7. The method according to claim 2, characterized in that, Also includes: Based on the results of fault analysis of the wind turbine generator set, the wind turbine generator set is controlled.
8. A classification device based on faulty text, characterized in that, include: The acquisition module is used to obtain fault texts from wind farms as a fault text training set, which is stored in a wind power corpus database. The extraction module is used to extract the first fault feature word associated with the wind turbine generator from the fault text in the fault text training set. The traversal processing module is used to classify the first fault feature words according to a preset number of candidate categories, and obtain the classification results corresponding to each number of candidate categories. The classification number determination module is used to determine the number of candidate classifications with the largest difference between the first fault feature words of different categories as the target number of classifications based on the classification results. The classification module is used to classify the second fault feature words associated with the wind turbine generator in the fault text to be classified based on the target number of classifications, and obtain the classified second fault feature words.
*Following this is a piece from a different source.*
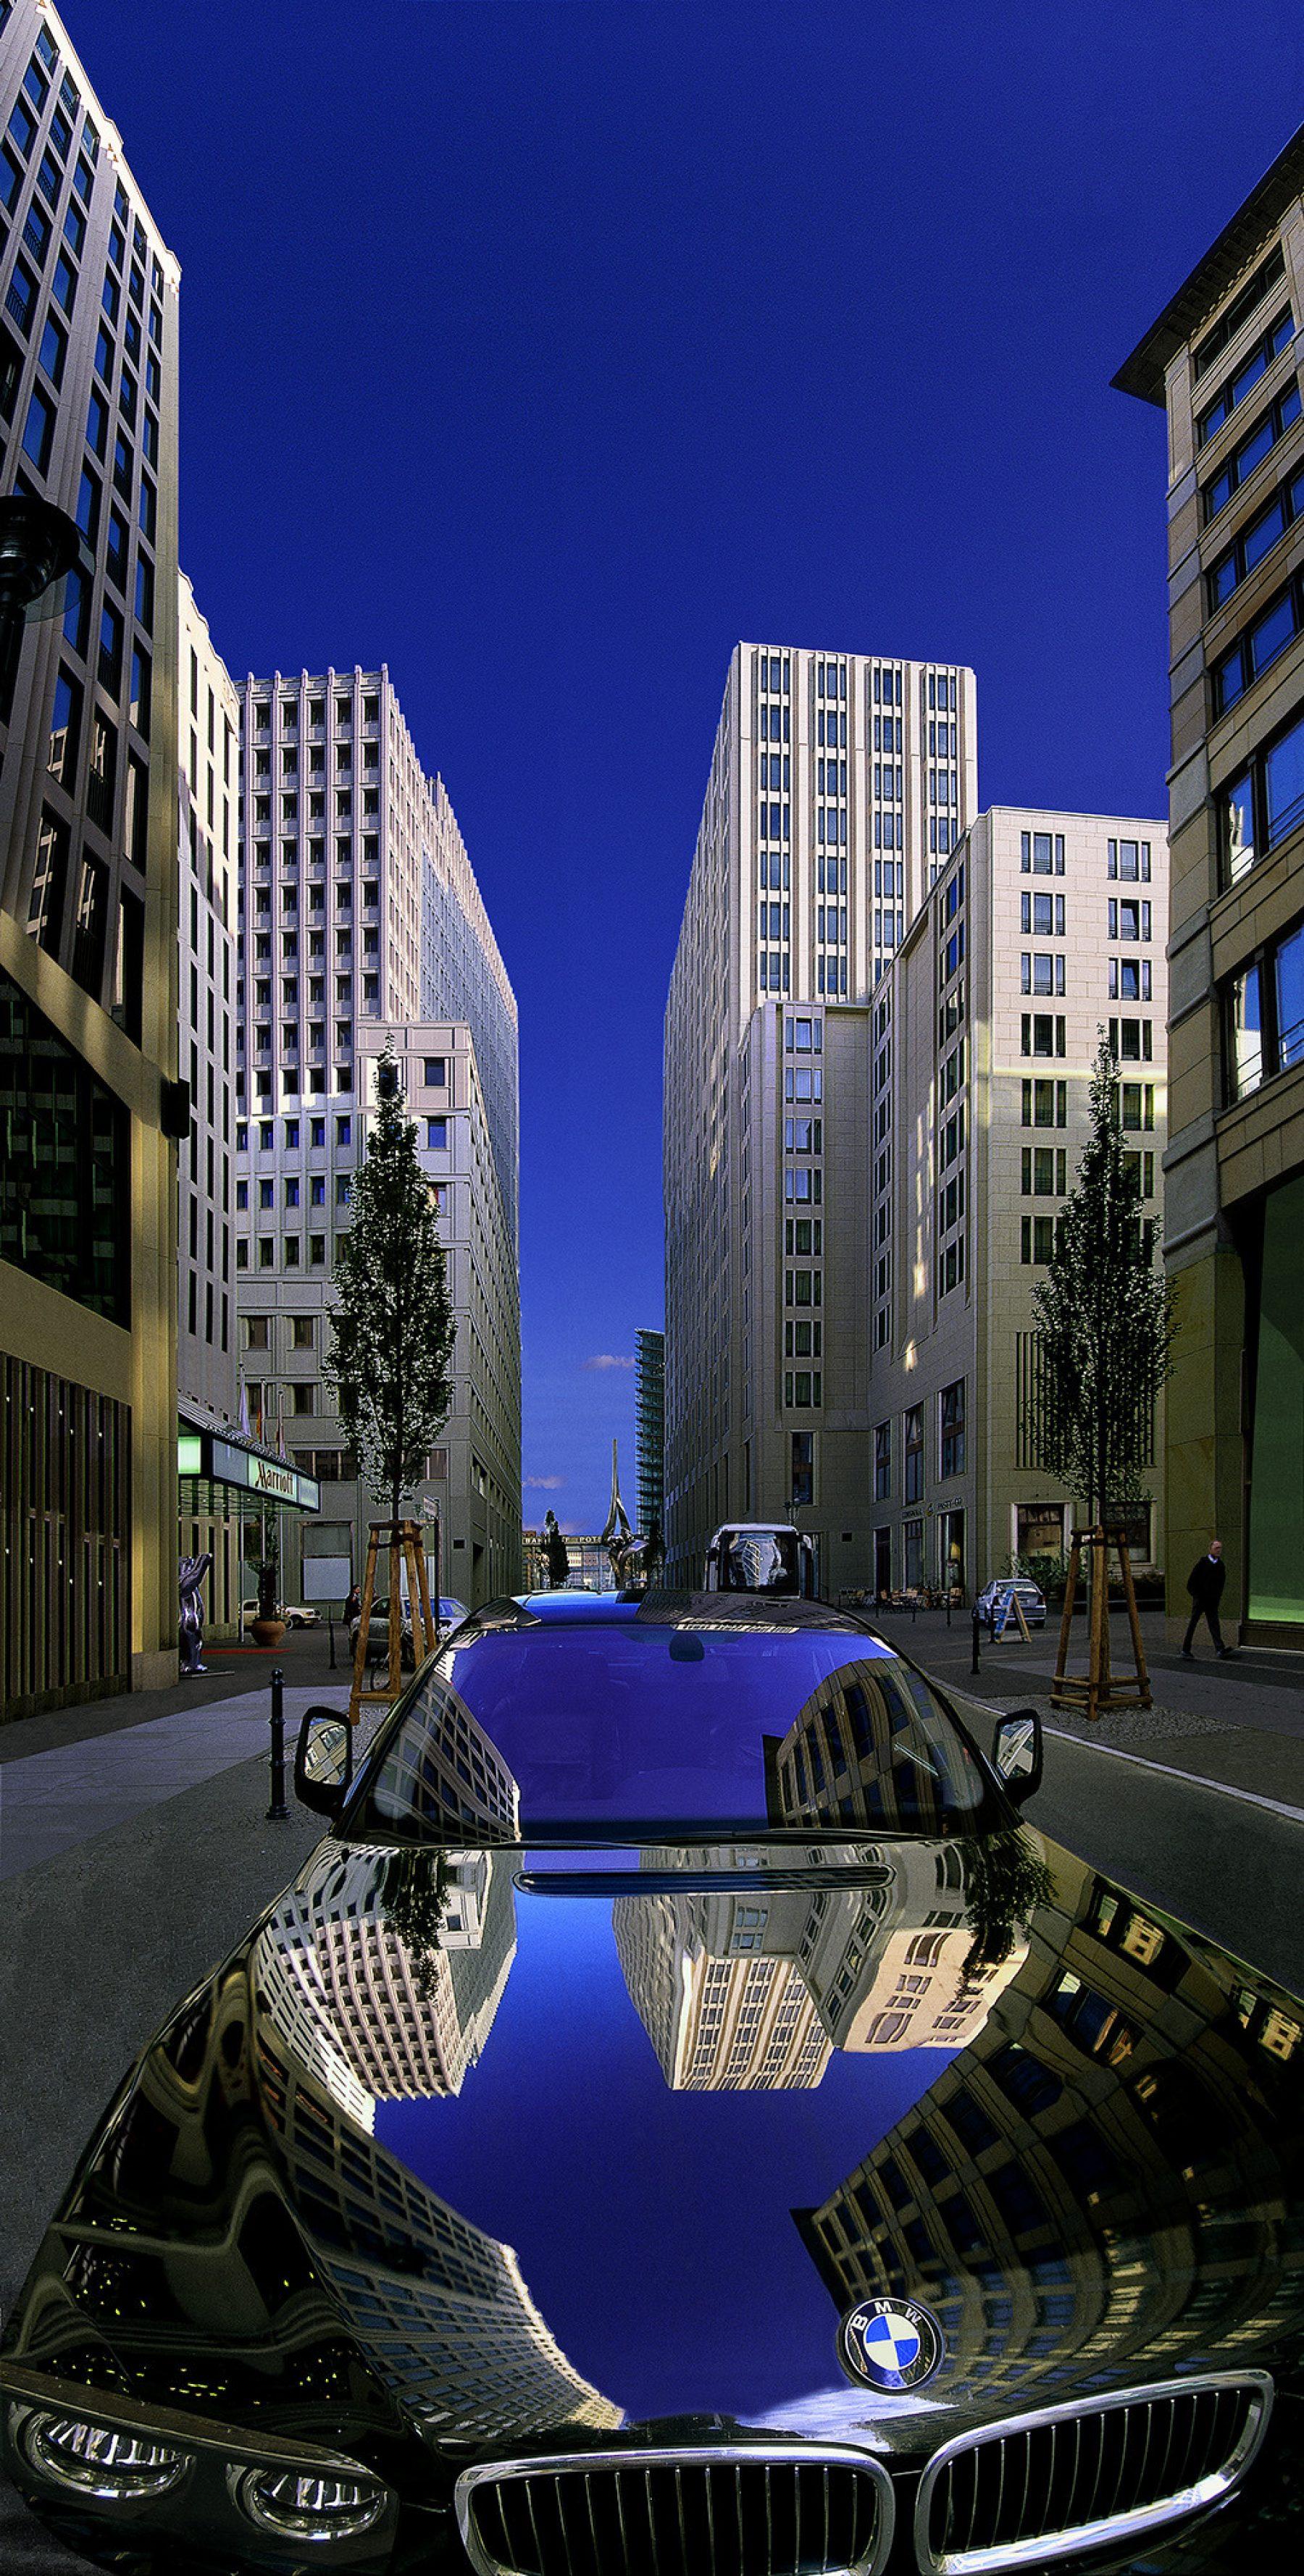 Berlin, Potsdamer Platz, BMW

The classification result includes the probability of the first fault feature word being assigned to each category; The traversal processing module is used to: for each of the multiple candidate classification numbers, use a linear discriminant analysis algorithm to classify the first fault feature word into categories with a number equal to the number of candidate classification numbers, and obtain the probability of the first fault feature word being classified into each category; The classification module is used to: set the target number of classifications as the number of classifications of the classifier, train the classifier using fault training data labeled with categories to obtain the target classifier, and use the target classifier to classify the second fault feature words associated with the wind turbine generator in the fault text to be classified.
9. A classification device based on fault text, characterized in that, include: Processor and memory storing computer program instructions; When the processor executes the computer program instructions, it implements the fault text-based classification method as described in any one of claims 1 to 7.
10. A computer-readable storage medium, characterized in that, The computer-readable storage medium stores computer program instructions that, when executed by a processor, implement the fault text-based classification method as described in any one of claims 1 to 7.